Whenever a number is divided by 3, the remainder obtained is either 0 or 1 or 2.

∴ n = 3p or 3p + 1 or 3p + 2, where p is some integer.

→If n = 3p, then n is divisible by 3.

If n = 3p + 1, then n + 2 = 3p + 1 + 2 = 3p + 3 = 3(p + 1) is divisible by 3.

If n = 3p + 2, then n + 1 = 3p + 2 + 1 = 3p + 3 = 3(p + 1) is divisible by 3.

So, we can say that one of the numbers among n, n + 1 and n + 2 is always divisible by 3.

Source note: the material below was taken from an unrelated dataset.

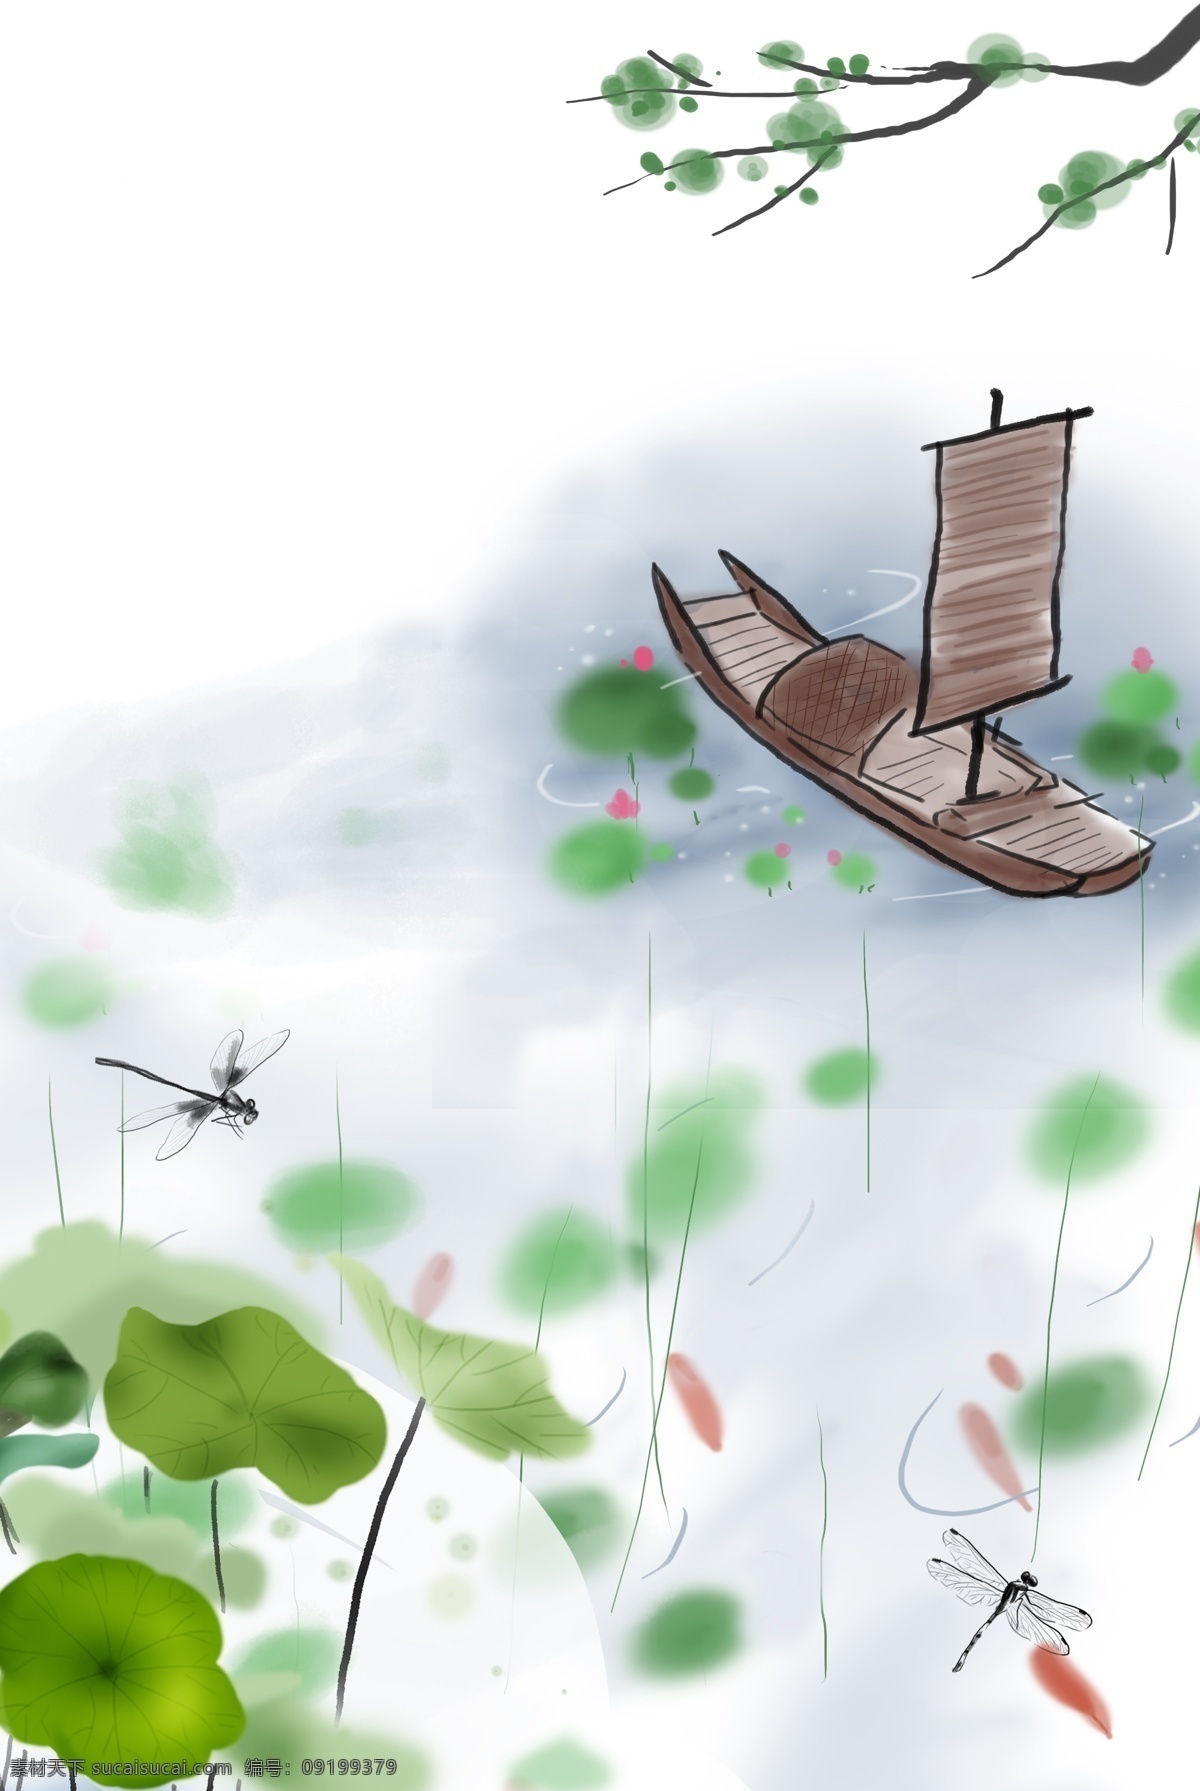 夏天 荷塘 场景 背景 夏日 荷叶 荷花 蜻蜓 树叶 鱼群 渔船 简约 手绘

⇒ n (n + 1) (n + 2) is divisible by 3.

→Similarly, whenever a number is divided 2, the remainder obtained is 0 or 1.

∴ n = 2q or 2q + 1, where q is some integer.

If n = 2q, then n and n + 2 = 2q + 2 = 2(q + 1) are divisible by 2.

If n = 2q + 1, then n + 1 = 2q + 1 + 1 = 2q + 2 = 2 (q + 1) is divisible by 2.

So, we can say that one of the numbers among n, n + 1 and n + 2 is always divisible by 2.

⇒ n (n + 1) (n + 2) is divisible by 2.

→Since, n (n + 1) (n + 2) is divisible by 2 and:3.

→∴ n (n + 1) (n + 2) is divisible by 6.

Answer 2

Answer:

The above statement is true.

Step-by-step explanation:

Example 1:

Let the consecutive positive integers be - 2, 4, 6

Product = 2 x 4 x 6 = 48

Clearly, 48 is divisible by '6' and the quotient is 8.

Example 2:

Let the consecutive positive integers be - 8, 10, 12

Product = 8 x 10 x 12 = 960

Clearly, 960 is divisible by '6' and the quotient is 160.